I'm evaluating a psedo-random number generator which generates numbers based on a rule of the form X[n+1] = AX[n] + B(Mod M)
I'm given the first five numbers in the sequence, which are as follows:
x[0]= 56687054115473550533
x[1]= 71501923691929981066
x[2]= 1162551557687152936
x[3]= 88117163952857350660
x[4]= 16754986973331962115
Armed with that information, I'm to figure out what A, B, and M are, so I can calculate subsequent numbers. I'm comfortable solving systems of equations, but am not very familiar with linear algebra/congruences, and am honestly a bit baffled where to even start eliminating variables from the system. I've seen examples of this where A is different across the system, and B and M are constant, but never an example where all 3 are constant.
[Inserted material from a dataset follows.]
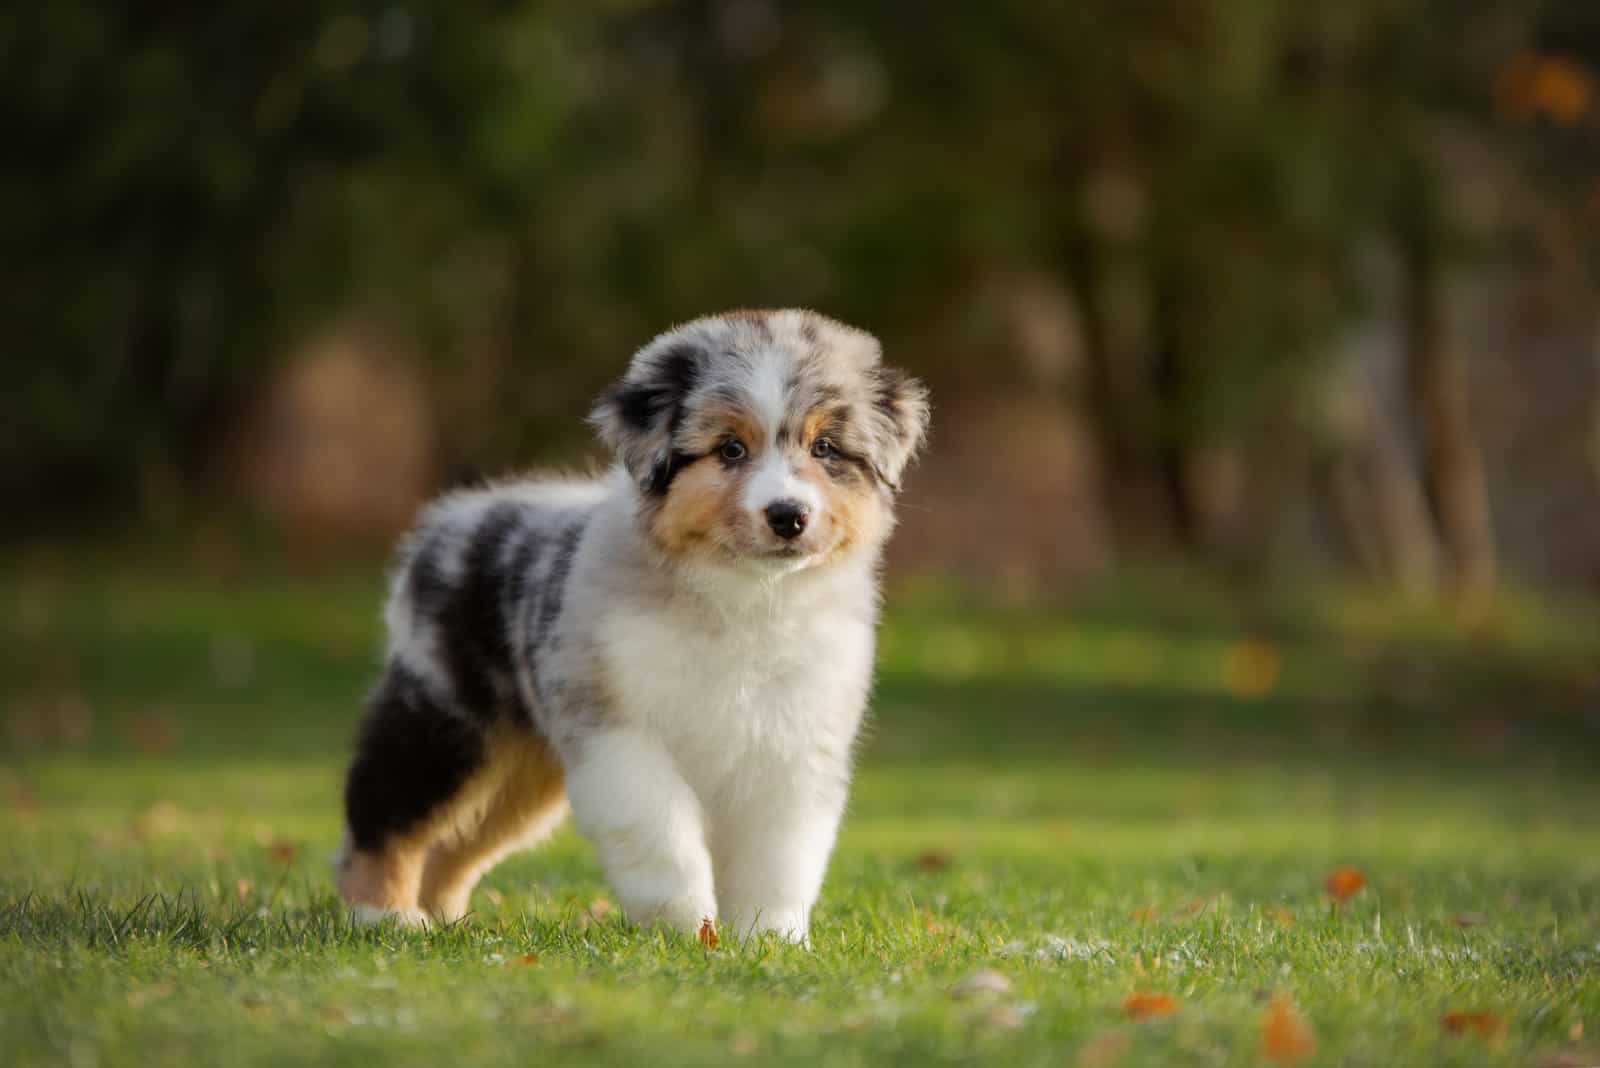 cute Australian Shepherd puppy standing on grass
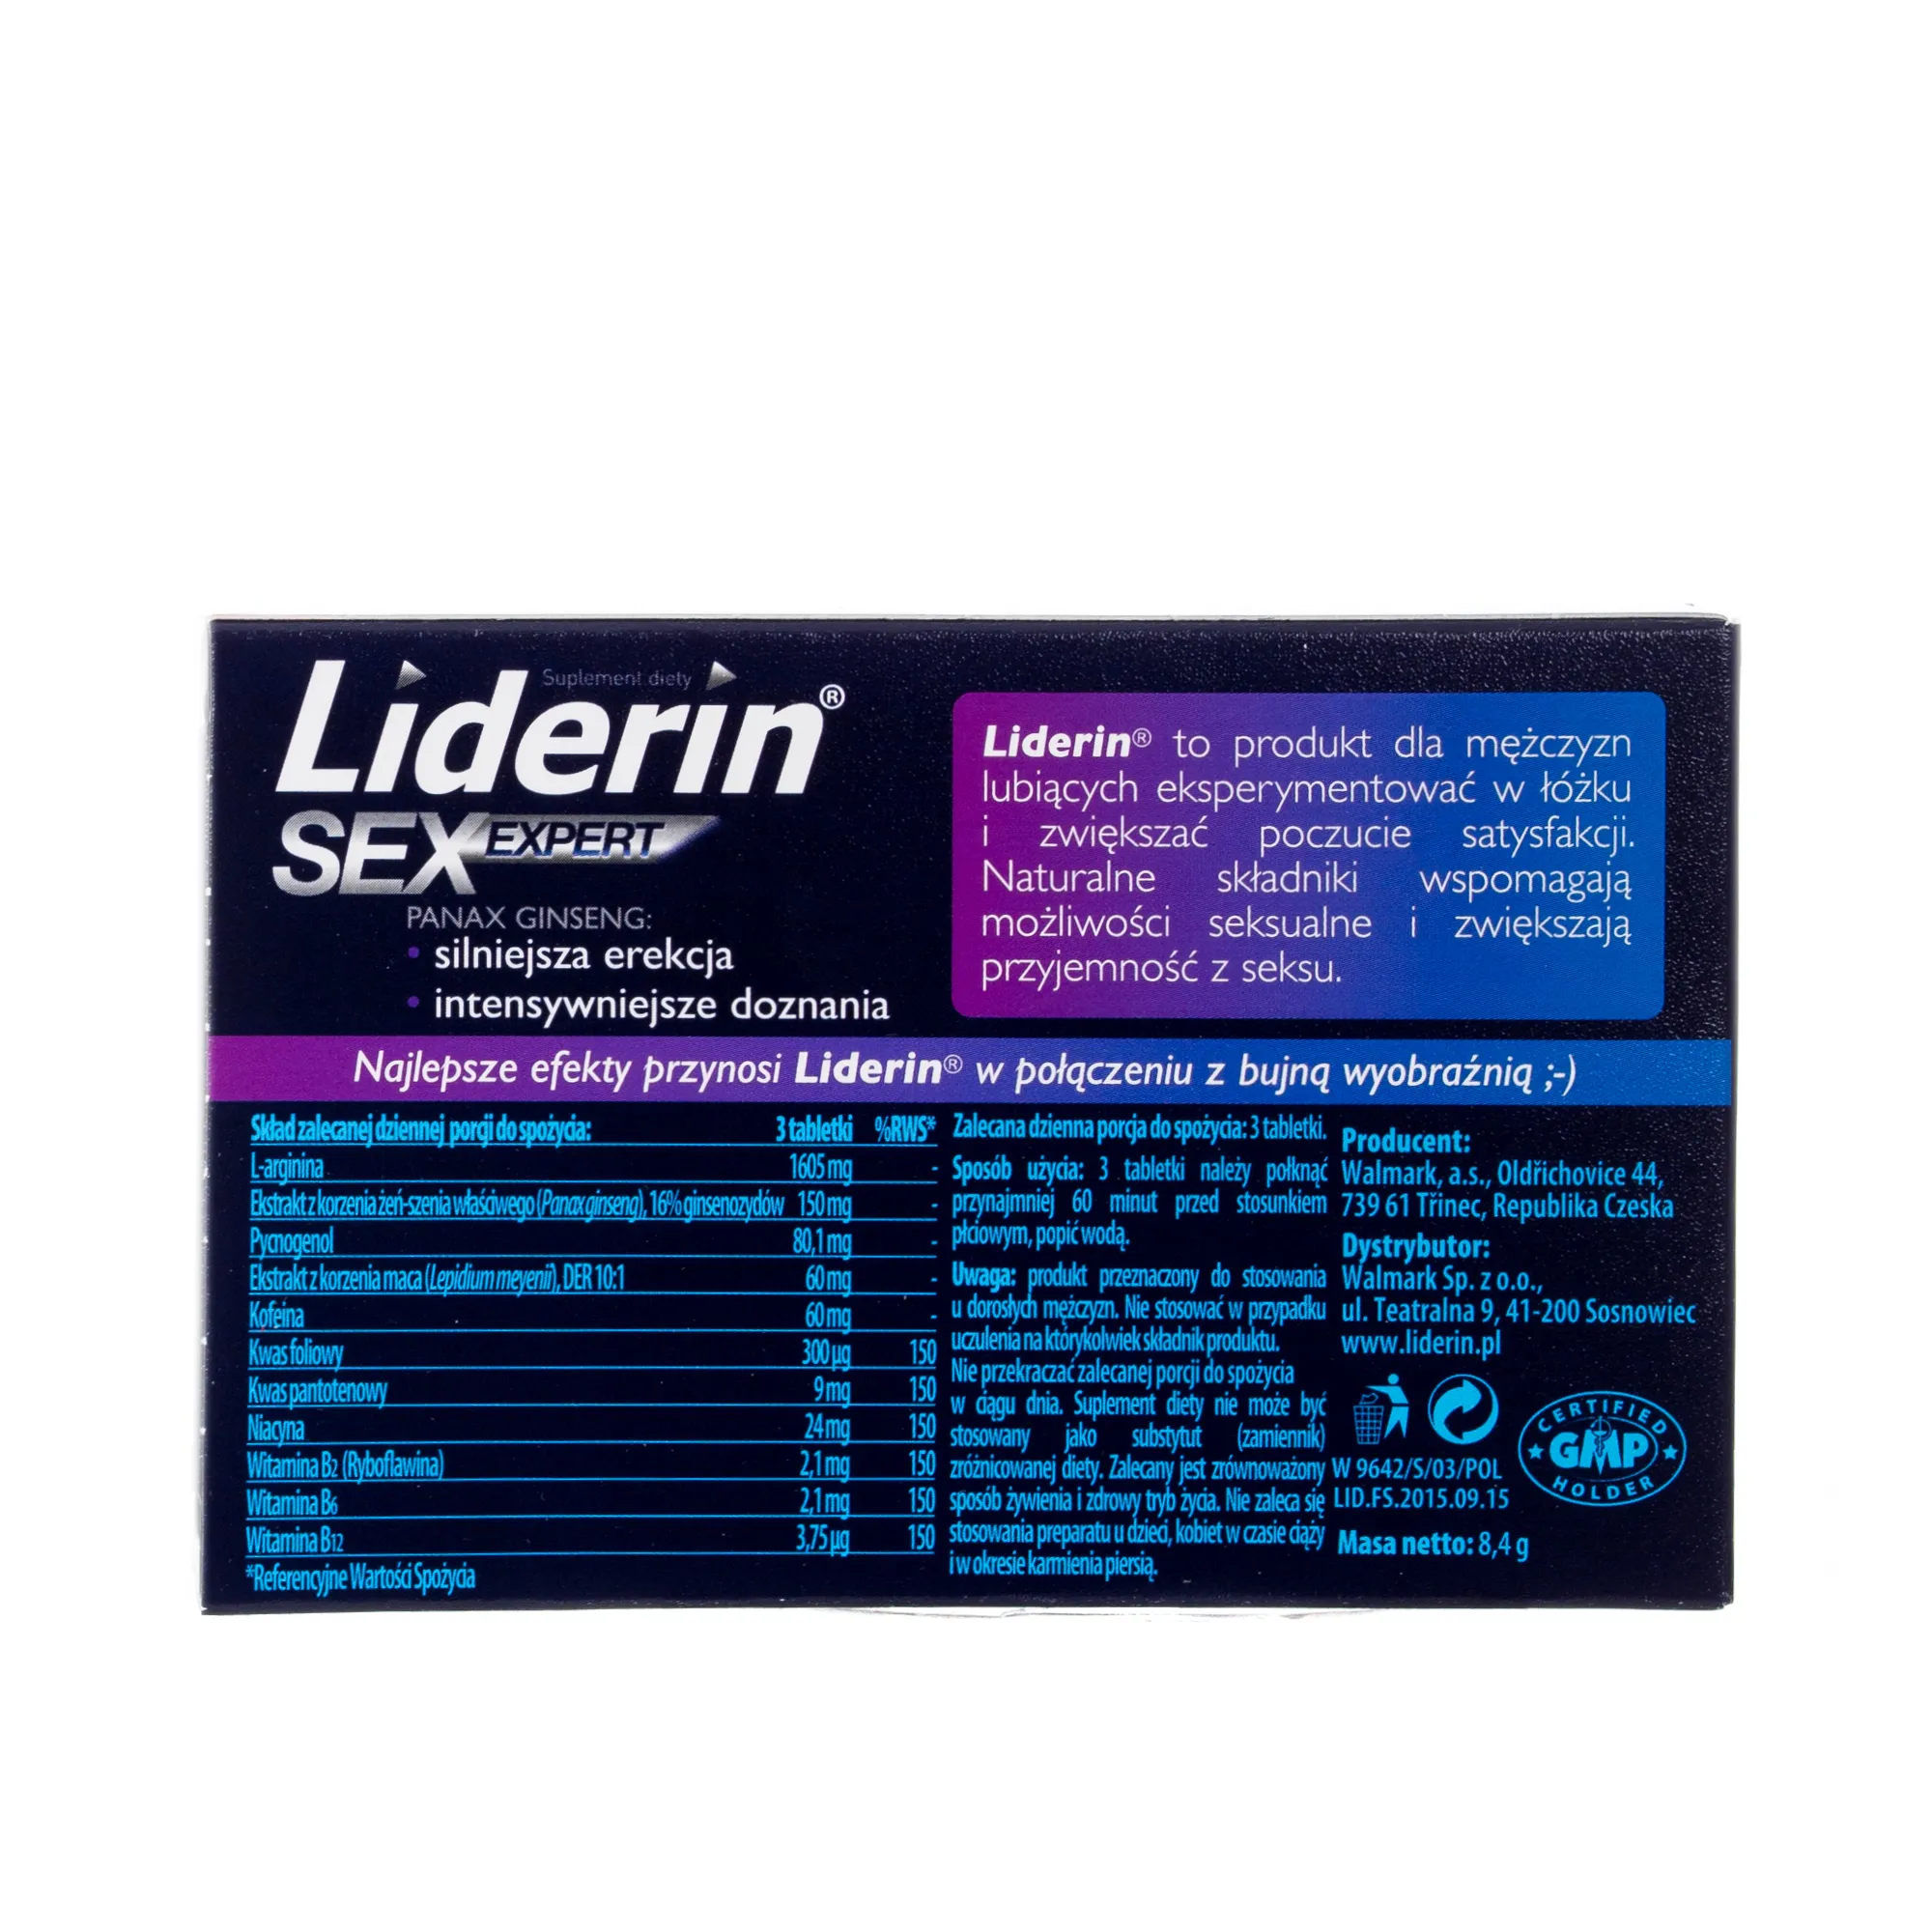 Liderin SexExpert suplement diety, 6 tabletek

The crucial point of the problem is determining $M$. We have $4$ equations
\begin{align} 56687054115473550533\,A+B&\equiv 71501923691929981066\,(\mbox{mod }M),\\ 71501923691929981066\,A+B&\equiv 1162551557687152936\,(\mbox{mod }M),\\ 1162551557687152936\,A+B&\equiv 88117163952857350660\,(\mbox{mod }M),\\ 88117163952857350660\,A+B&\equiv 16754986973331962115\,(\mbox{mod }M). \end{align}
First we choose one of the equations, e.g. the $3$rd one, to express $B$ in terms of $A$, i.e., $$B\equiv 88117163952857350660-1162551557687152936\,A\,(\mbox{mod }M).$$ Then we use substitution to cancel $B$ from the other $3$ equations to get \begin{align} 55524502557786397597\,A+16615240260927369594&\equiv 0\,(\mbox{mod }M),\\ 70339372134242828130\,A+86954612395170197724&\equiv 0\,(\mbox{mod }M),\\ 86954612395170197724\,A+71362176979525388545&\equiv 0\,(\mbox{mod }M). \end{align} Then we use the $1$st equation to cancel $A$ from the other equations using elimination by addition and subtraction. We are not allowed to use division. We have \begin{align} 55524502557786397597\times 86954612395170197724-70339372134242828130\times 16615240260927369594\equiv 0\,(\mbox{mod }M),\\ 55524502557786397597\times 71362176979525388545-86954612395170197724\times 16615240260927369594\equiv 0\,(\mbox{mod }M). \end{align} So $M$ is a common divisor of the two big numbers. Use the Euclidean algorithm to find their greatest common divisor $95034255219577607603$, which factorizes into
$$95034255219577607603=29\times 577\times 210323\times 27003471317.$$
Since it is implicitly assumed that $x[0],x[1],\ldots,x[4]$ are all within $[0,M-1]$, the only possible $M$ is the greatest common divisor itself. Once $M$ is found, $A$ and $B$ can be found using any of the previous equations. So we have \begin{align} A=12630192673789351314,\\ B=35234390061212433526,\\ M=95034255219577607603. \end{align} You can verify that these numbers correctly reproduce the sequence $x[0],x[1]\ldots,x[4]$ from $x[0]$.